Changement d’atmosphère

Les employés d’aujourd’hui ne veulent plus d’un mode de gestion simpliste du genre «les patrons commandent; les employés exécutent». Wilfrid Morin, président-directeur général de Teknika HBA, l’a bien compris. Depuis qu’il a pris les rênes de cette firme d’ingé­nierie, en 1998, il a adapté les pratiques de l’entreprise aux attentes du personnel, notamment en ouvrant l’actionnariat aux employés, puis en élaborant un ambitieux programme de qualité de vie au travail articulé autour de quatre axes : la qualité du milieu de travail (aménagement, ergonomie, etc.), le développement et la valorisation de la personne, l’équilibre travail-famille et la qualité des relations interpersonnelles.

C’est sur ce dernier point que Teknika HBA a travaillé le plus fort. «La récession du début des années 1990 avait été dure. Nous avions dû réduire notre personnel de 300 à 125 employés et nos gens avaient le moral dans les talons, raconte Wilfrid Morin. Puis, lorsque les affaires ont repris, nous avons embauché des centaines de nouveaux employés plus jeunes.» Or, ces derniers avaient des attentes différentes en ce qui a trait au climat de travail, d’où les efforts consentis.

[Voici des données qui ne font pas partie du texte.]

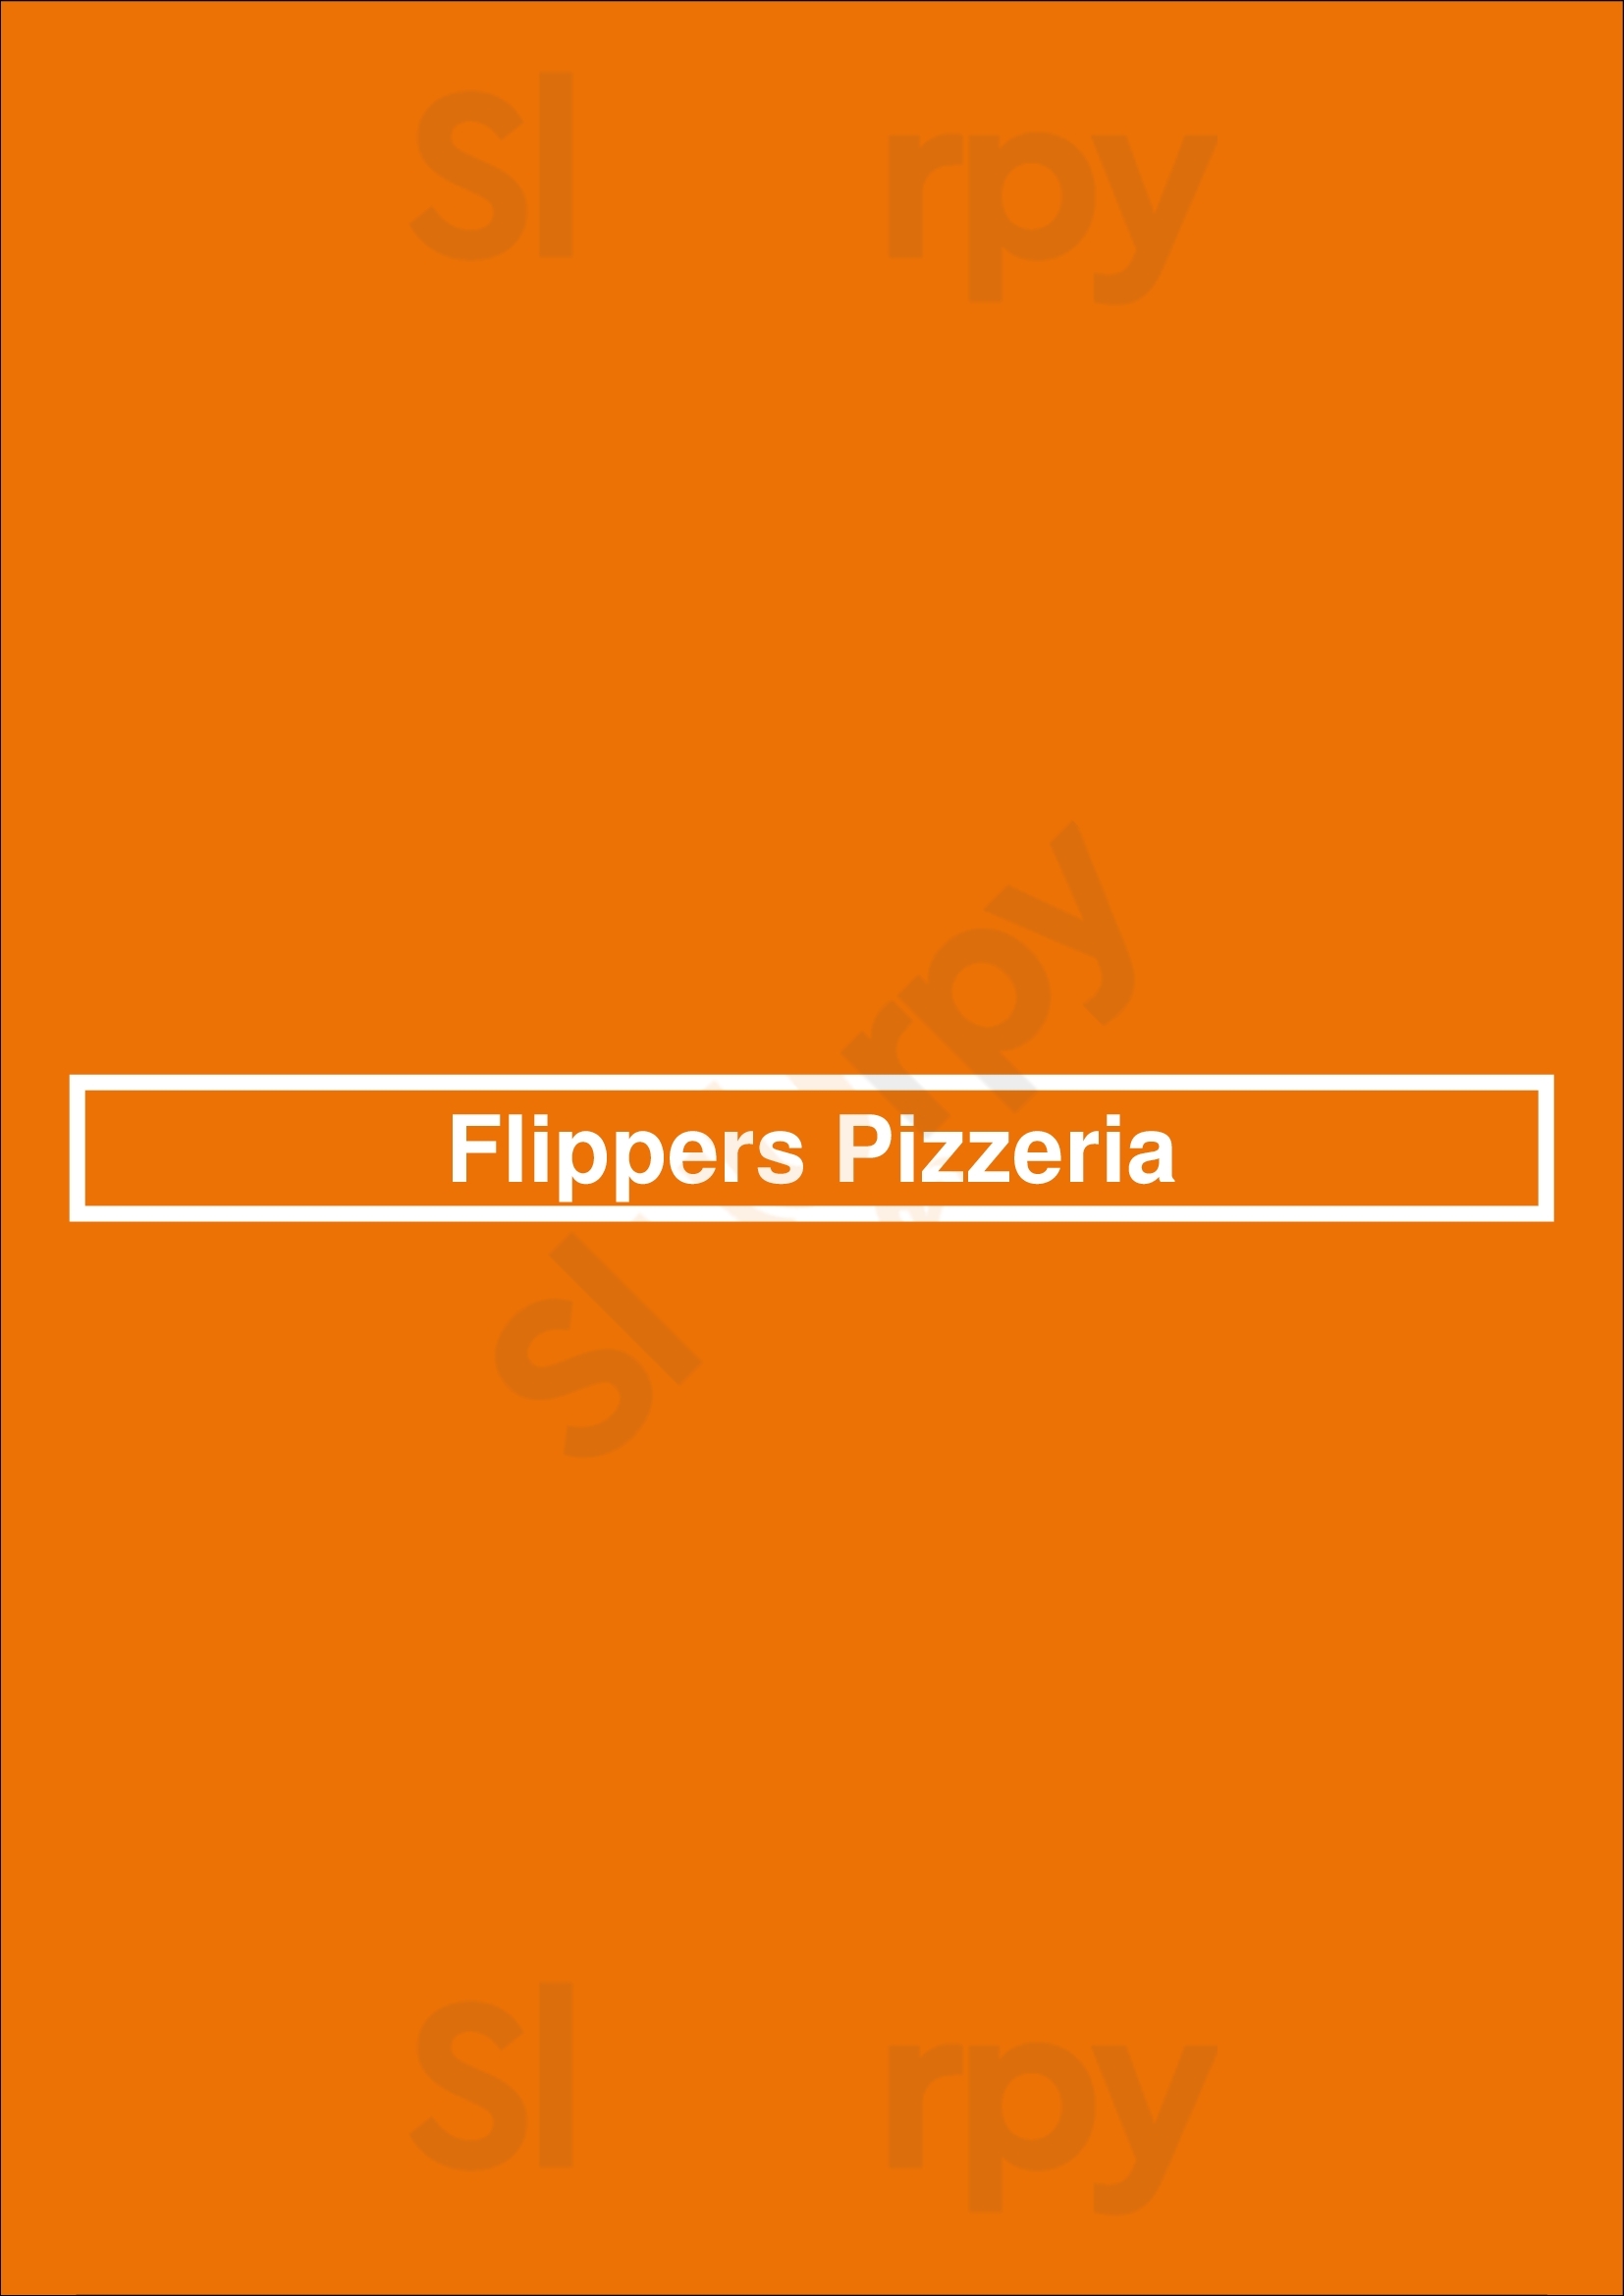 Flippers Pizzeria Orlando Menu - 1

Depuis, la communication patron-employé est fortement encouragée dans les deux sens. Il en va de même pour le respect envers chacun. «Tous ont dû apprendre que le titre de gestionnaire ne donne pas le droit de manquer de respect à qui que ce soit, relate Wilfrid Morin. Si ça arrive, les employés peuvent envoyer un courriel aux ressources humaines et ça va atterrir sur mon bureau. Au début, ils n’osaient pas le faire, mais aujourd’hui, ils se sentent beaucoup plus à l’aise.»

Pas étonnant que Teknika HBA ait remporté le Défi Meilleurs Employeurs 2008, dans la catégorie Grandes Entreprises. «Et notre chiffre d’affaires croît d’au moins 10 % par année», note le pdg. Bon point.